[Start of section]

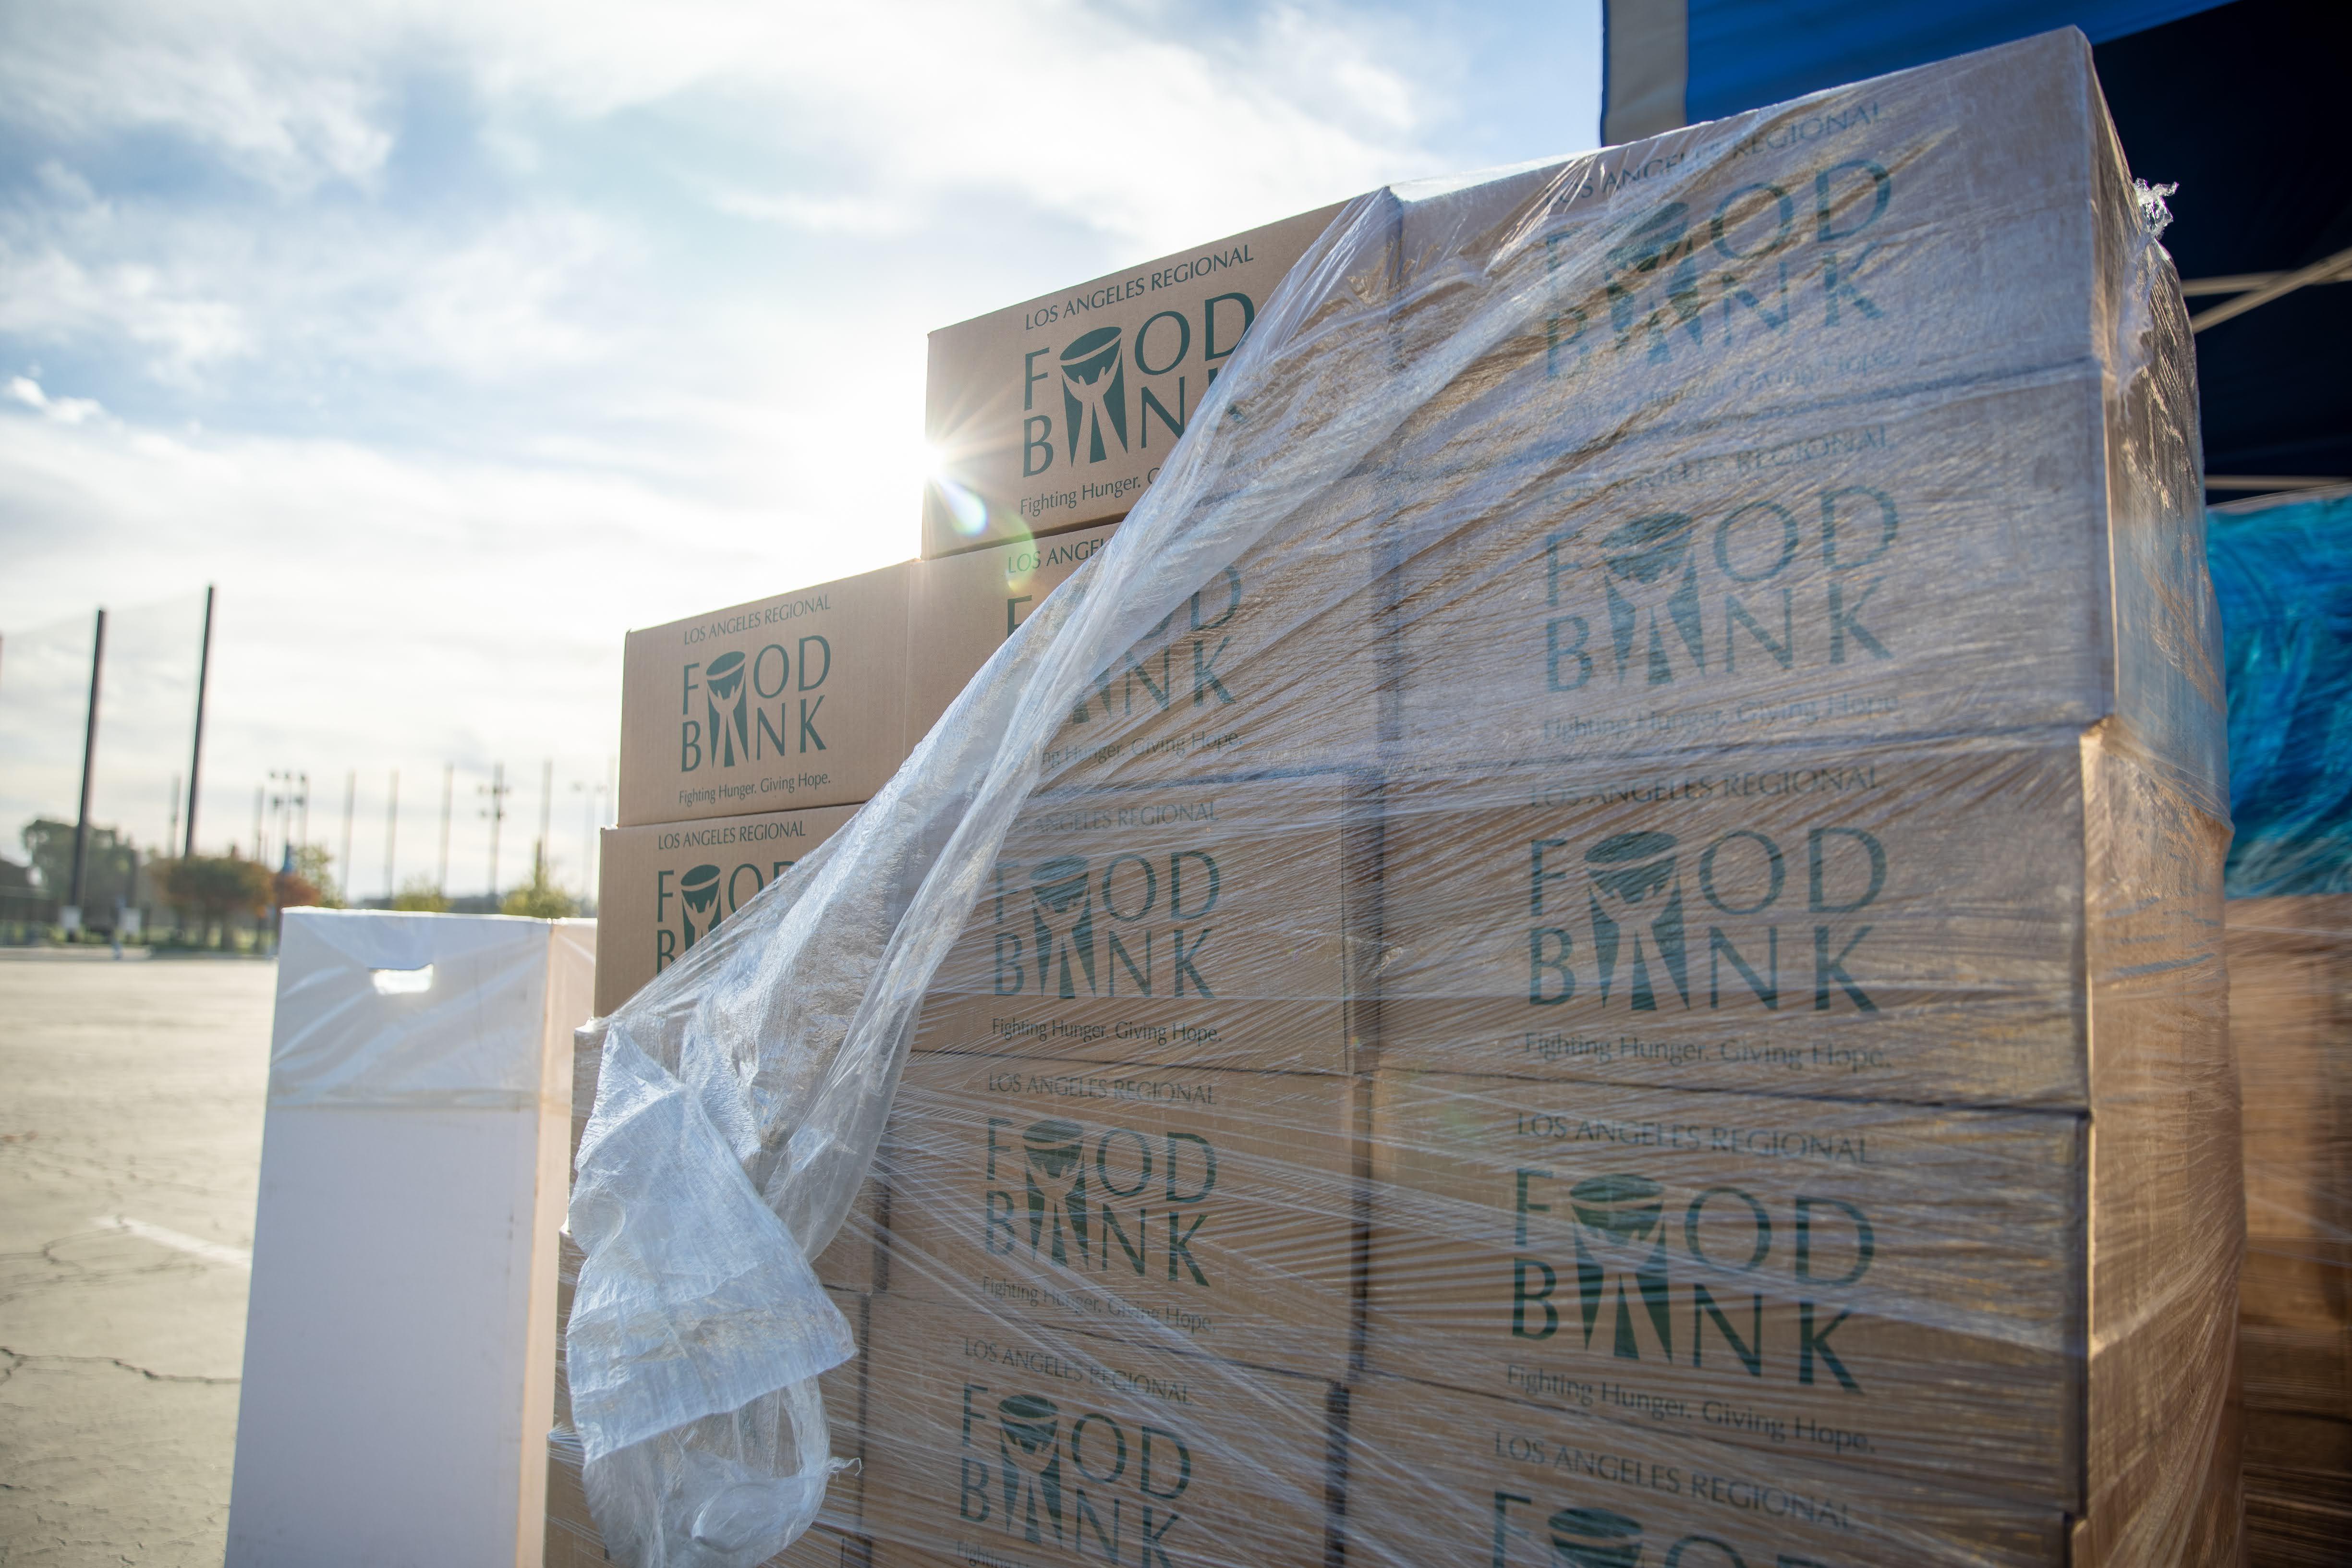 Santa Anita Race Track Free Food Distribution
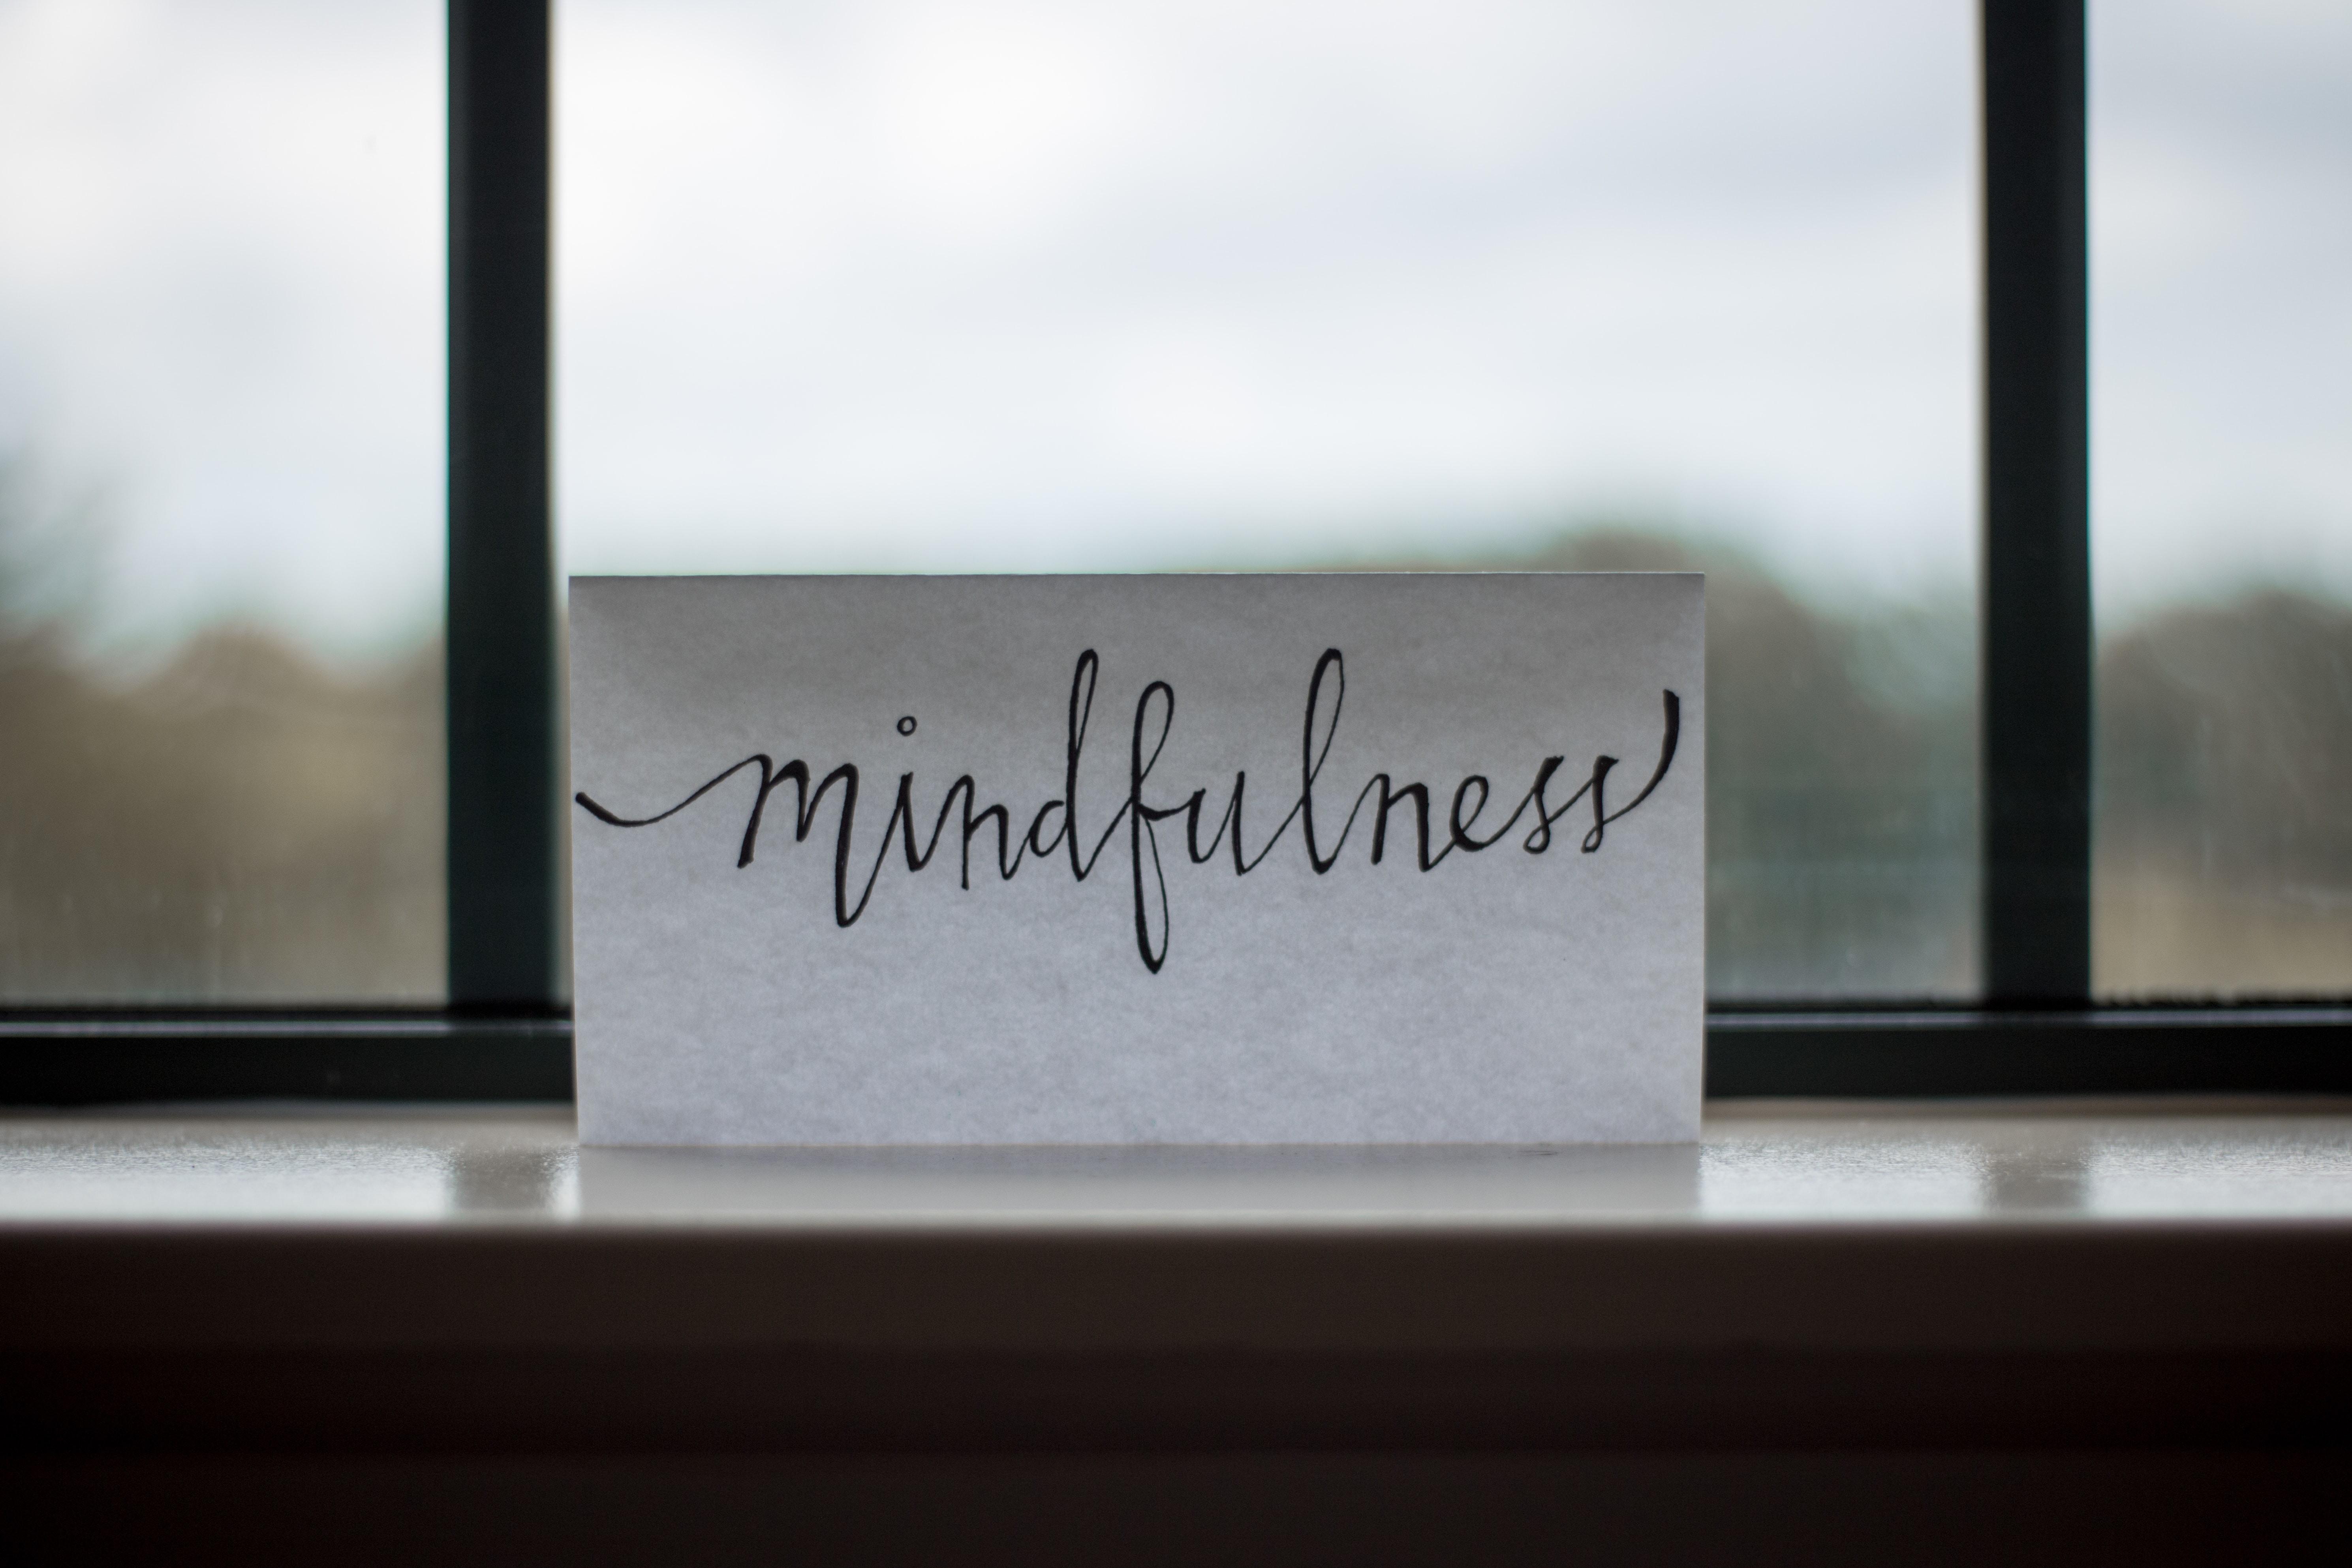 Séance de Mindfulness/Méditation
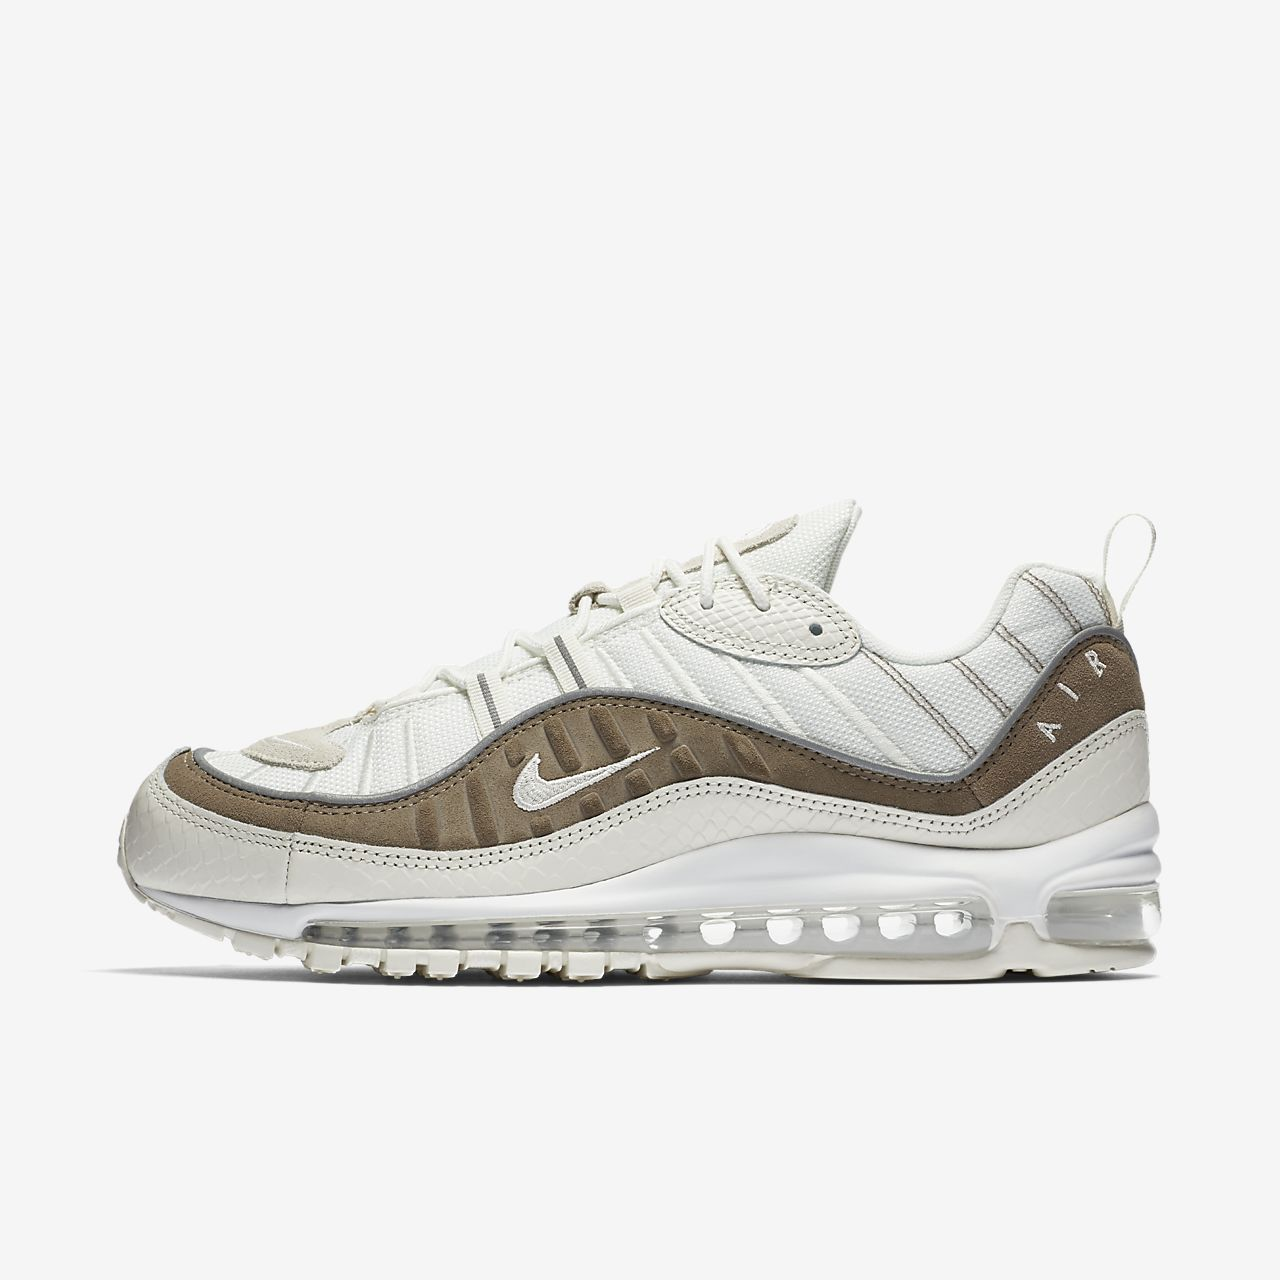 ... Chaussure Nike Air Max 98 SE pour Homme

[End of section]

### Task statement:
All that's required is the material above repeated exactly, minus any picture.

### Result of this task:
 Santa Anita Race Track Free Food Distribution
 Séance de Mindfulness/Méditation
 ... Chaussure Nike Air Max 98 SE pour Homme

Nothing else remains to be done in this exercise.